Lesson 12: Multicollinearity & Other Regression Pitfalls
So far, in our study of multiple regression models, we have ignored something that we probably shouldn't have — and that's what is called multicollinearity. We're going to correct our blissful ignorance in this lesson.
Multicollinearity exists when two or more of the predictors in a regression model are moderately or highly correlated. Unfortunately, when it exists, it can wreak havoc on our analysis and thereby limit the research conclusions we can draw. As we will soon learn, when multicollinearity exists, any of the following pitfalls can be exacerbated:
- the estimated regression coefficient of any one variable depends on which other predictors are included in the model
- the precision of the estimated regression coefficients decreases as more predictors are added to the model
- the marginal contribution of any one predictor variable in reducing the error sum of squares depends on which other predictors are already in the model
- hypothesis tests for βk = 0 may yield different conclusions depending on which predictors are in the model
In this lesson, we'll take a look at an example or two that illustrates each of the above outcomes.
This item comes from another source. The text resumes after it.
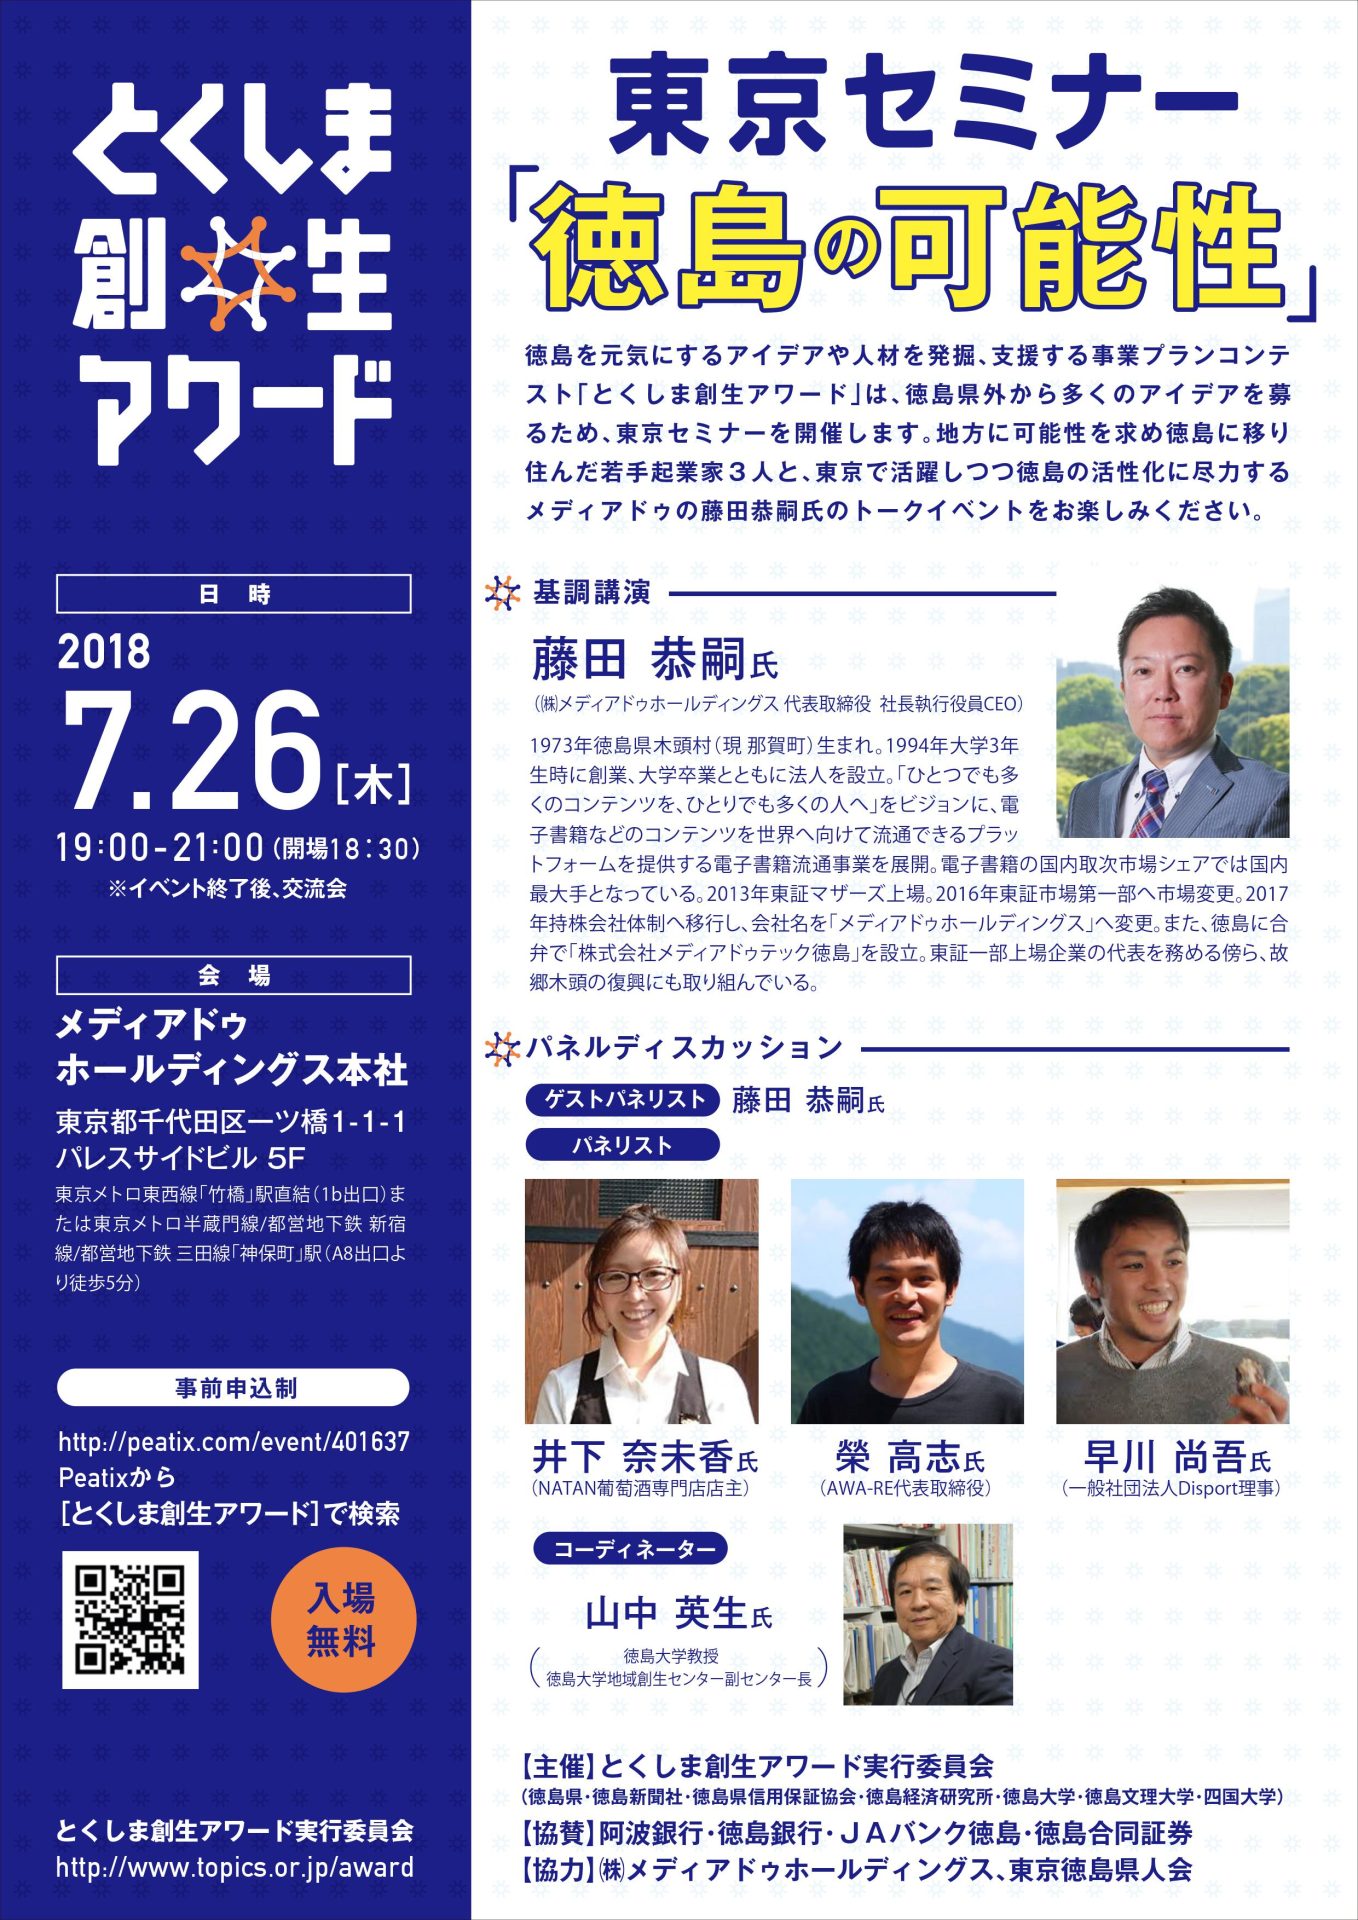 とくしま創生アワード 東京セミナー『徳島の可能性』 | 移住関連イベント情報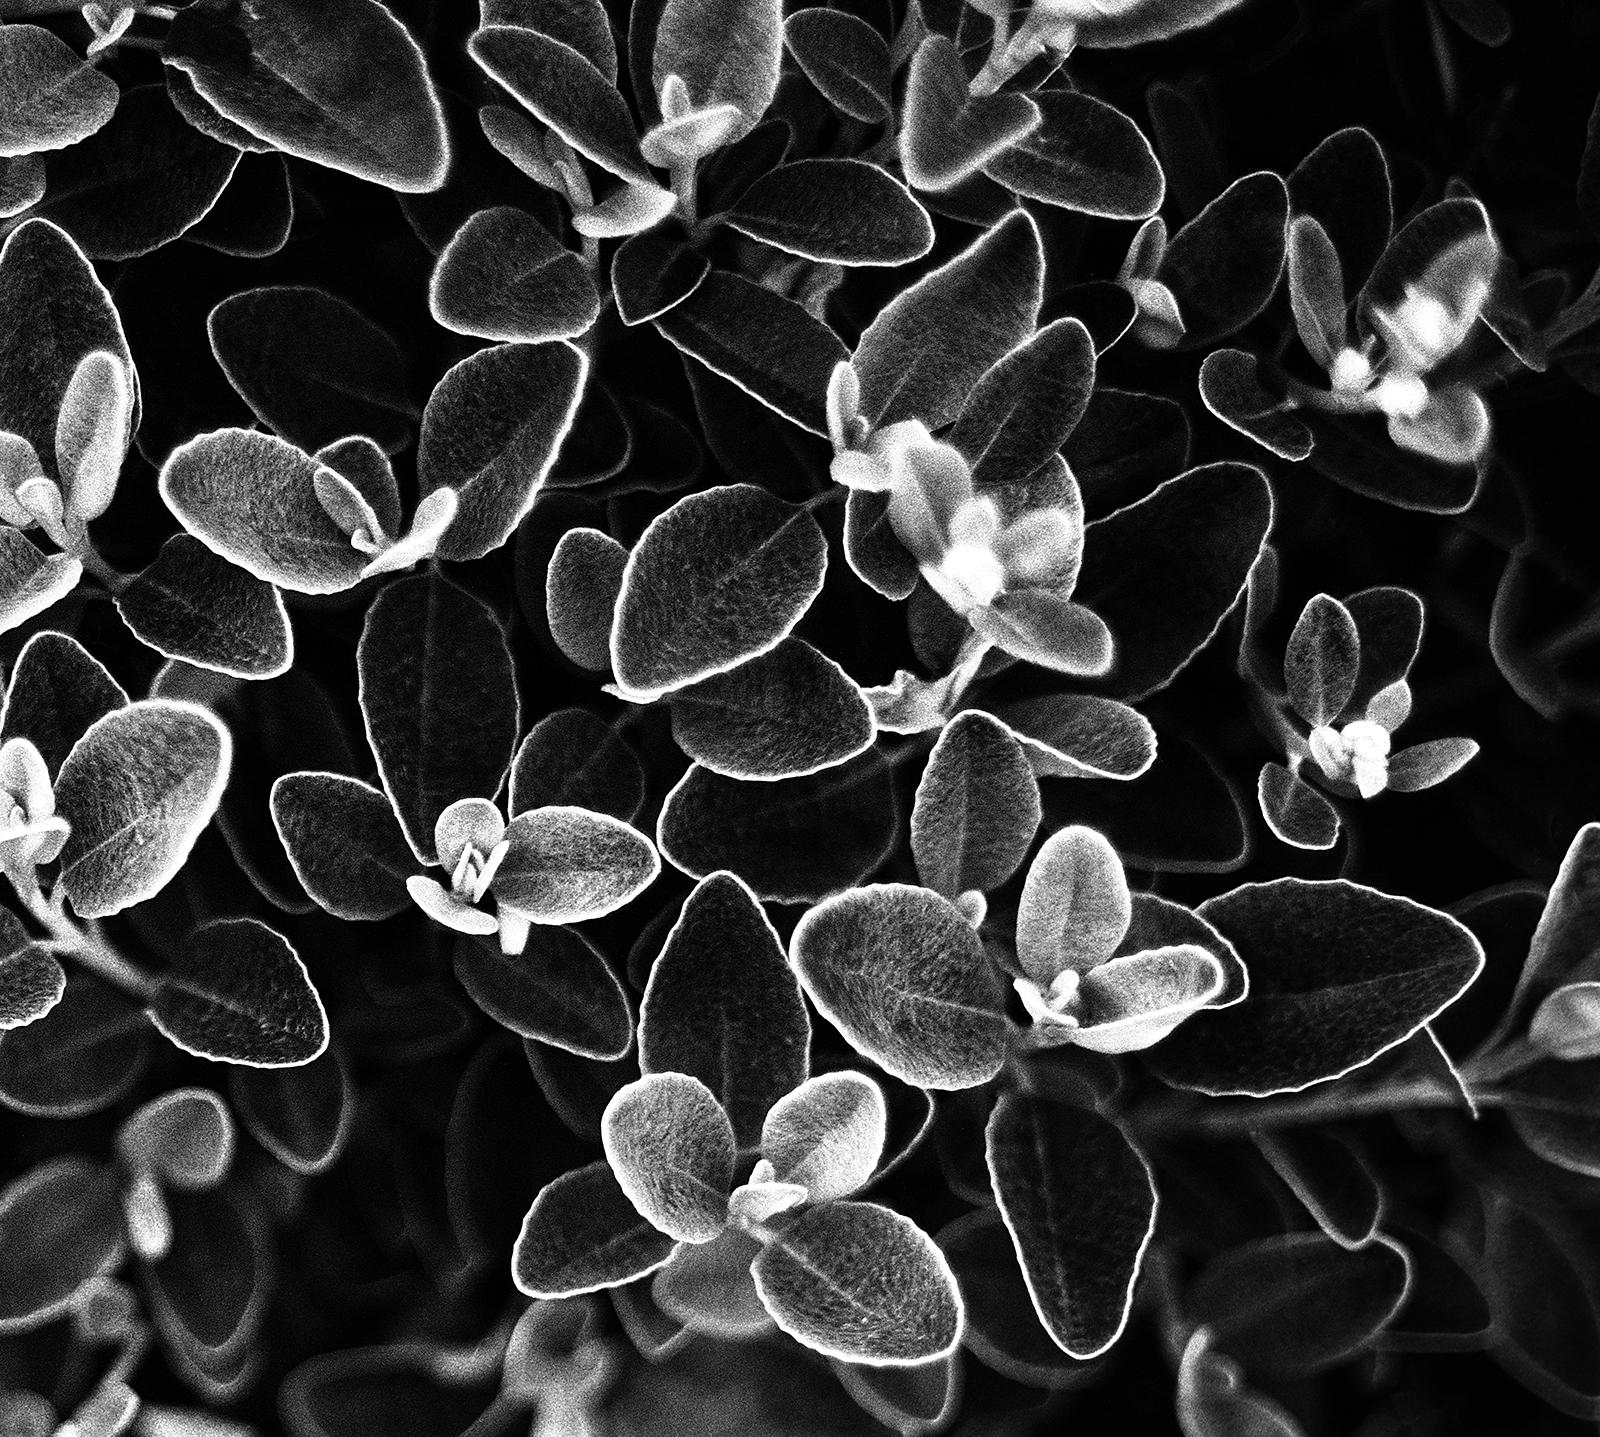 Blumenblumen- signierter Kunstdruck in limitierter Auflage, Schwarz-Weiß- Naturfoto, zeitgenössisch – Photograph von Ian Sanderson

Then, we'll spend some time learning how not only to detect multicollinearity, but also how to reduce it once we've found it.
We'll also consider other regression pitfalls, including extrapolation, nonconstant variance, autocorrelation, overfitting, excluding important predictor variables, missing data, and power and sample size.
Learning objectives and outcomes
Upon completing this lesson, you should be able to do the following:
- Distinguish between structural multicollinearity and data-based multicollinearity.
- Know what multicollinearity means.
- Understand the effects of multicollinearity on various aspects of regression analyses.
- Understand the effects of uncorrelated predictors on various aspects of regression analyses.
- Understand variance inflation factors, and how to use them to help detect multicollinearity.
- Know the two ways of reducing data-based multicollinearity.
- Understand how centering the predictors in a polynomial regression model helps to reduce structural multicollinearity.
- Know the main issues surrounding other regression pitfalls, including extrapolation, nonconstant variance, autocorrelation, overfitting, excluding important predictor variables, missing data, and power and sample size.